Magical Use: Container Shared Storage

Although we already have CSI support , we have always mounted Juicefs to all Kubernetes nodes /jfs, so that all container applications can easily mount the host directory in a hostPathway , and then have shared storage. This Some points to note about the law:

  • jfs.mountIt must be started before the container service, after all, the two have established a dependency. Taking docker as an example, you can write:
# /etc/systemd/system/docker.service.d/12-after-jfs.conf
[Unit]
After=jfs.mount
  • The directory to be mounted must be created manually first, and the permissions are set (to match the uid of the container process). This is actually inconvenient. If your team can't stand the toss, just use CSI directly.
  • There is some inconvenience in cluster expansion. After all, this method requires all nodes to be mounted with JuiceFS. In case the Kubernetes cluster is not redundant enough, new nodes need to be added, and JuiceFS needs to be added one more step before joining the cluster. In extreme cases Next, such a design is quite time-consuming, and there is another reason to use CSI directly.
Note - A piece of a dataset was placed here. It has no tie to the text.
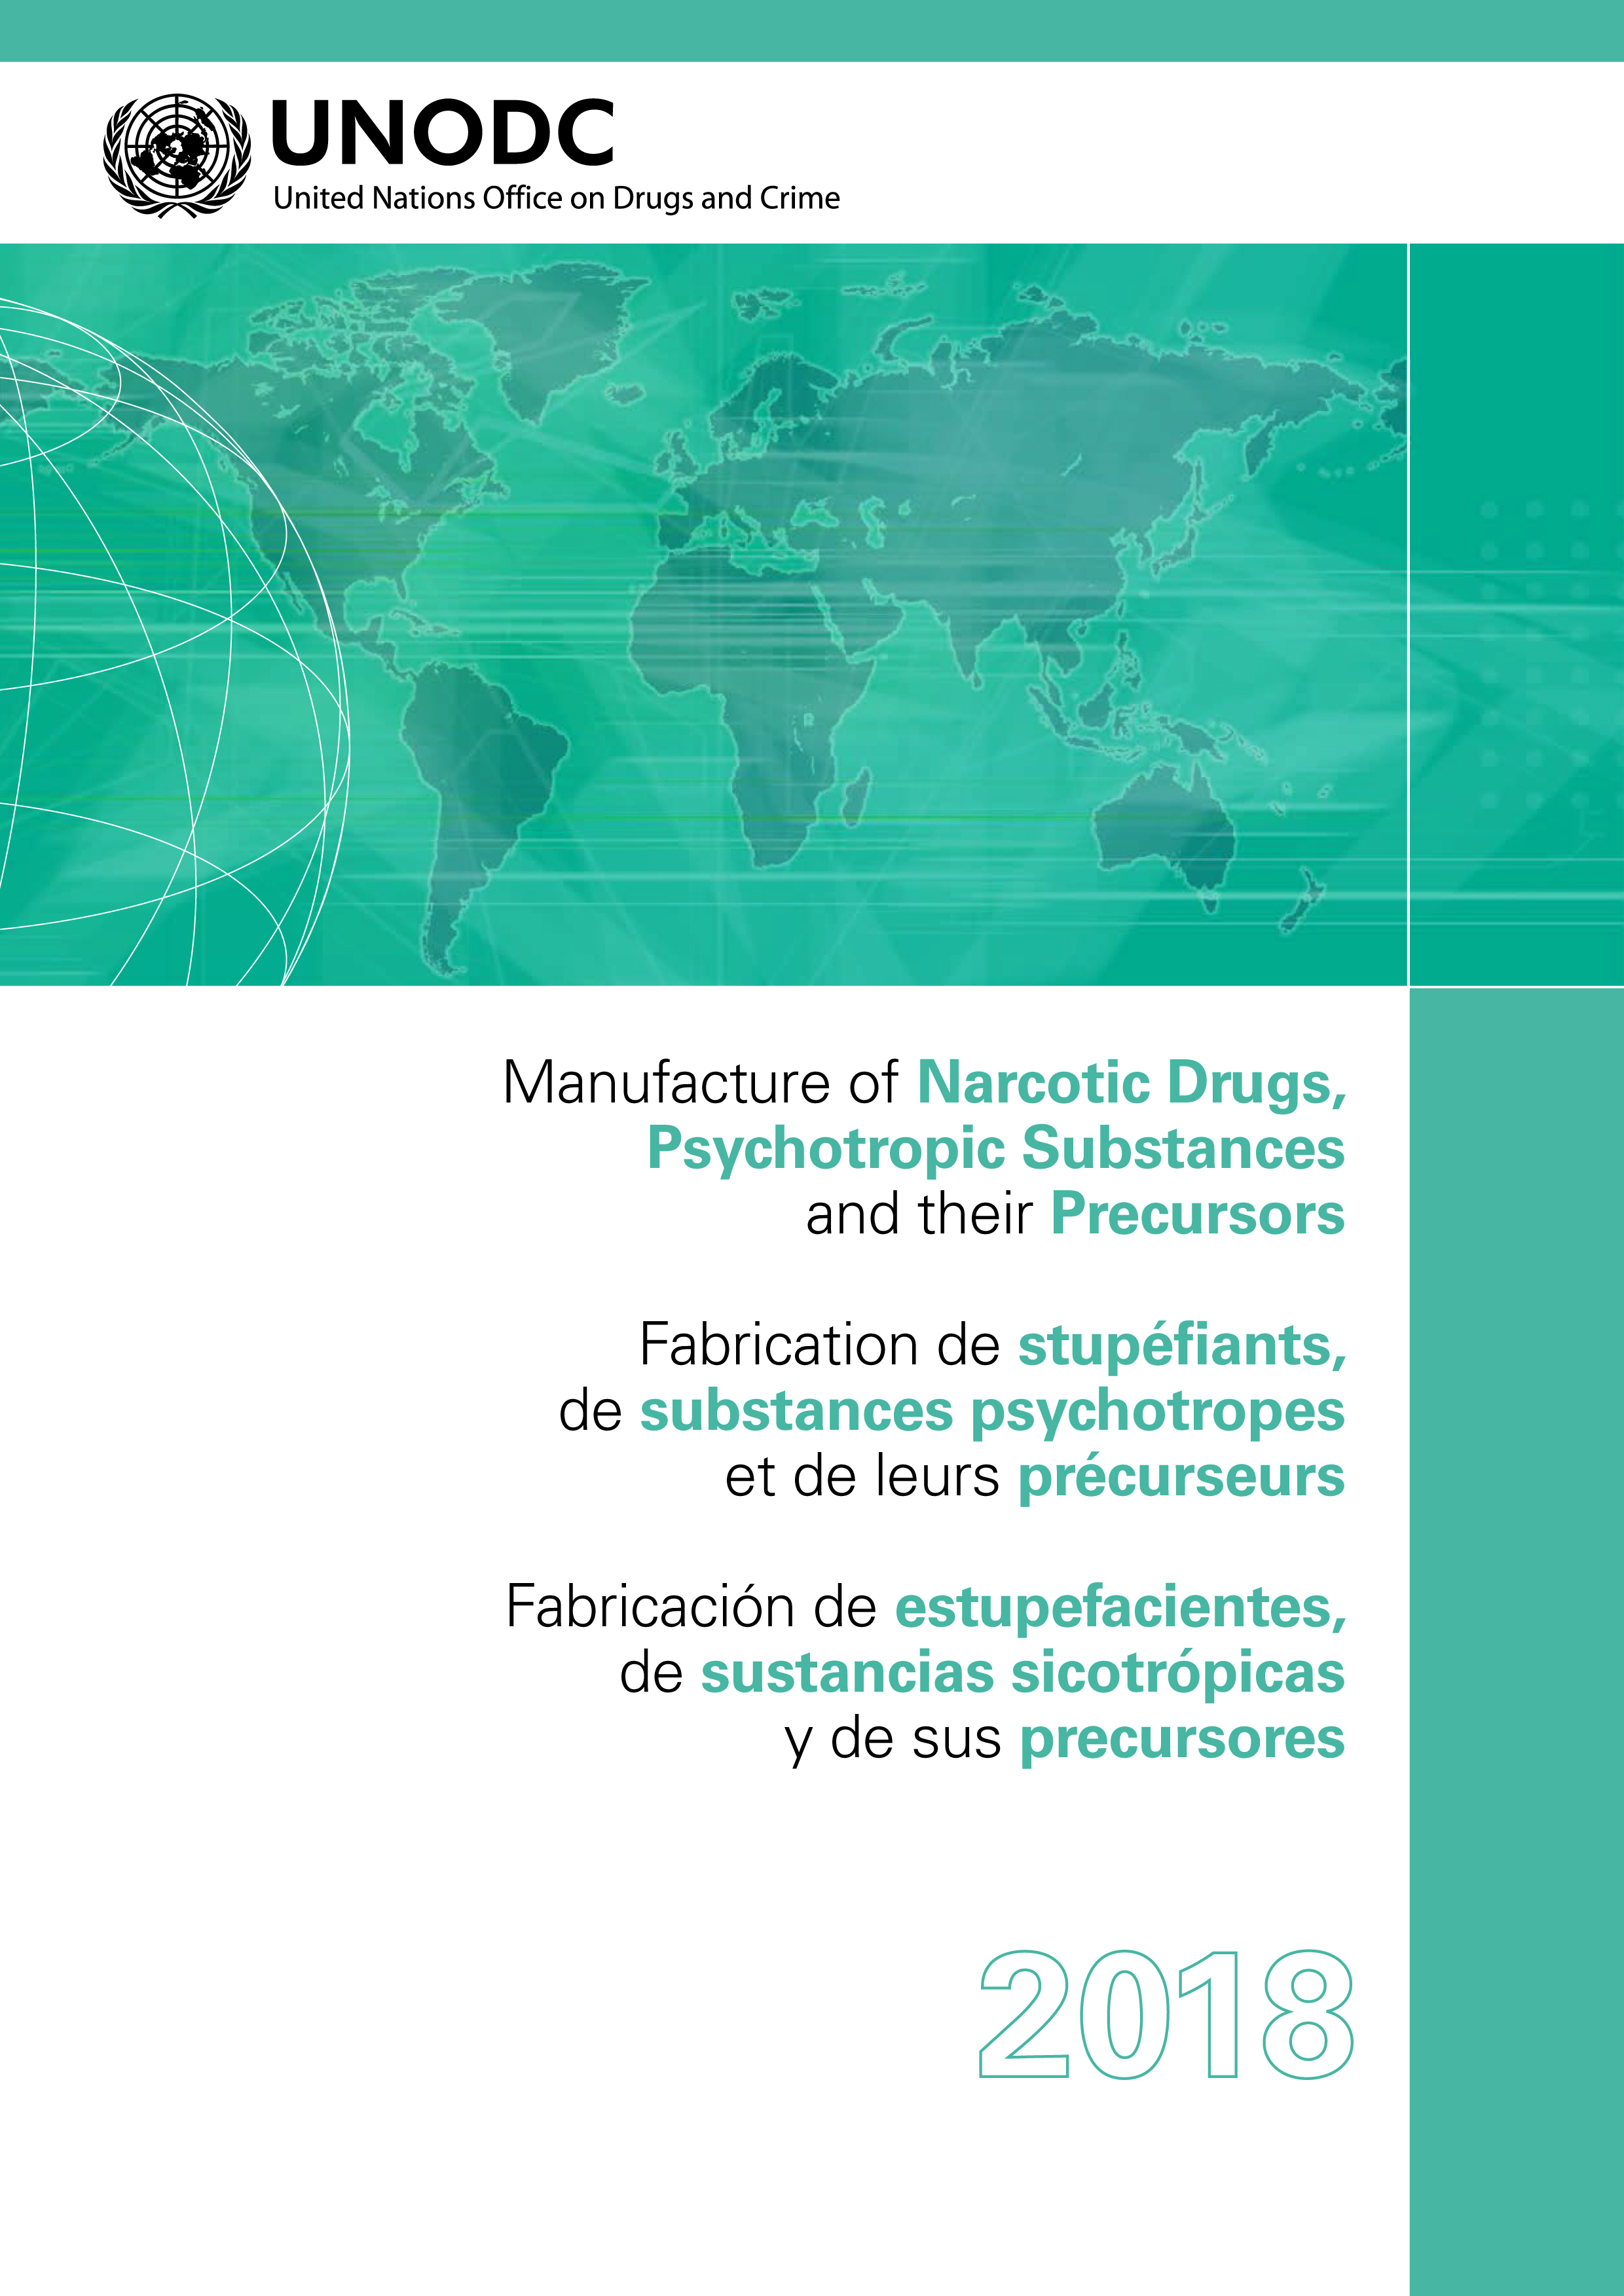 image of Fabricación de estupefacientes, de sustancias sicotrópicas y de sus precursores 2018
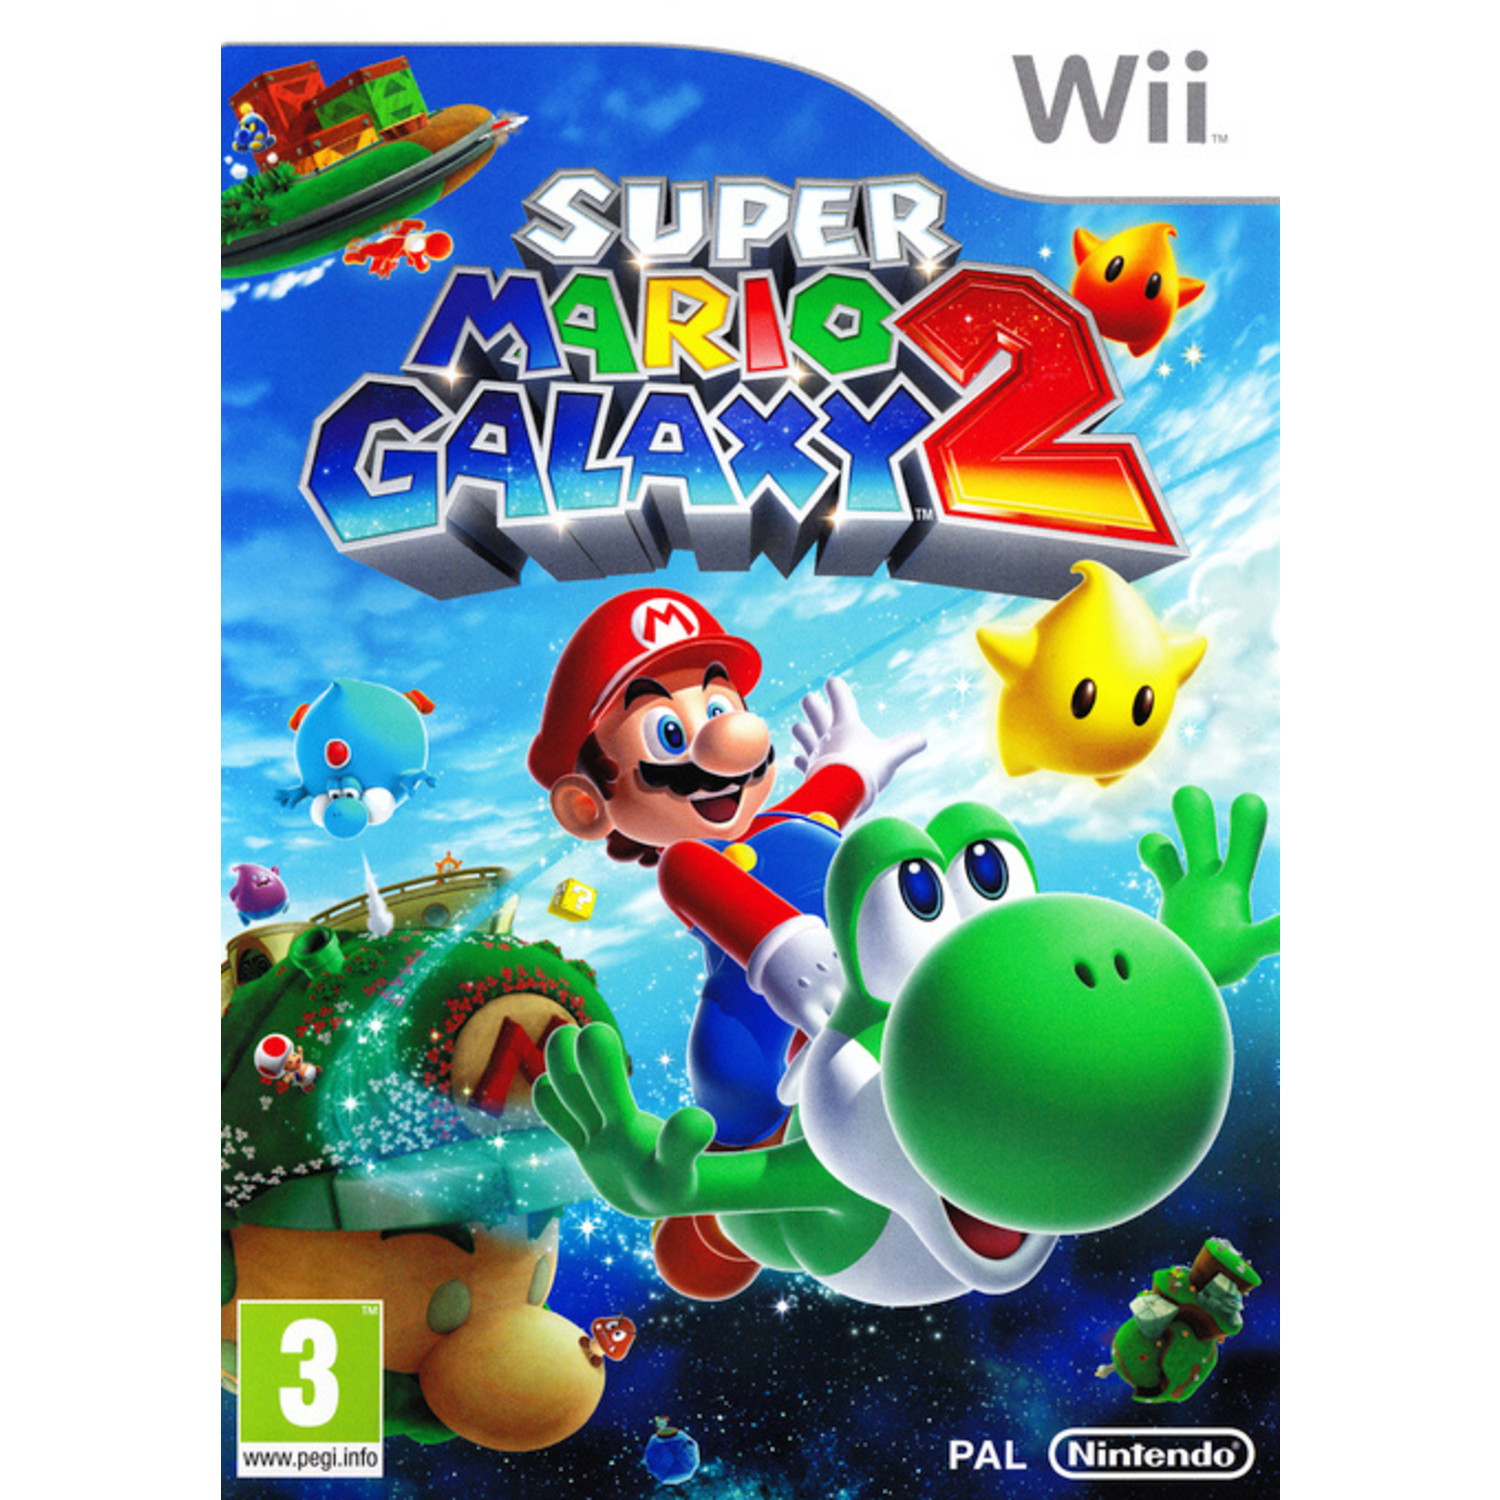 Super Mario 2 voor Nintendo Wii bij Reway met garantie - Reway.nl

After talking about so many issues, it seems that CSI should be preferred instead hostPathof , but the advantage hostPathis that the management is simpler and the reasoning is more straightforward, because according to our usage conventions, similar names will be /jfs/[appname]-[cluster]used , which is more clear at a glance. For those who are not familiar with Kubernetes For colleagues in PV's set, it is more convenient to do things.

Magical use: network disk

With a place to store files as you like, the natural idea is how to share files easily. Everyone knows that JuiceFS can be mounted on various platforms (even Windows is also very easy to use), but this is not what I want Introduced, because it is very difficult for users to mount JuiceFS locally (not to mention there are security issues). What I mean is that you can simply build a web service, mount JuiceFS, and then expose the file to the download portal.

It's really easy to do this. It took me only 5 minutes from the idea to build it. Thanks to lain , I only need such a short document values.yaml, and I can pull it up with Python http.server:

appname: jfs-http-server

volumes:
  - name: jfs-data
    hostPath:
      path: "/jfs"
      type: Directory

volumeMounts:
  - name: jfs-data
    mountPath: /jfs

deployments:
  web:
    replicaCount: 1
    image: python:latest
    podSecurityContext: {}
    resources:
      limits:
        cpu: 1000m
        memory: 80M
      requests:
        cpu: 10m
        memory: 80M
    command: ["python", '-m', 'http.server']
    workingDir: /jfs
    containerPort: 8000

ingresses:
  - host: jfs
    deployName: web
    paths:
      - /

People with a little development experience can understand that this is using the community python:latestimage , running http.server, and then mounting the host's /jfsdirectory . After the service is online, jfs.example.comyou can browse and download all files under jfs.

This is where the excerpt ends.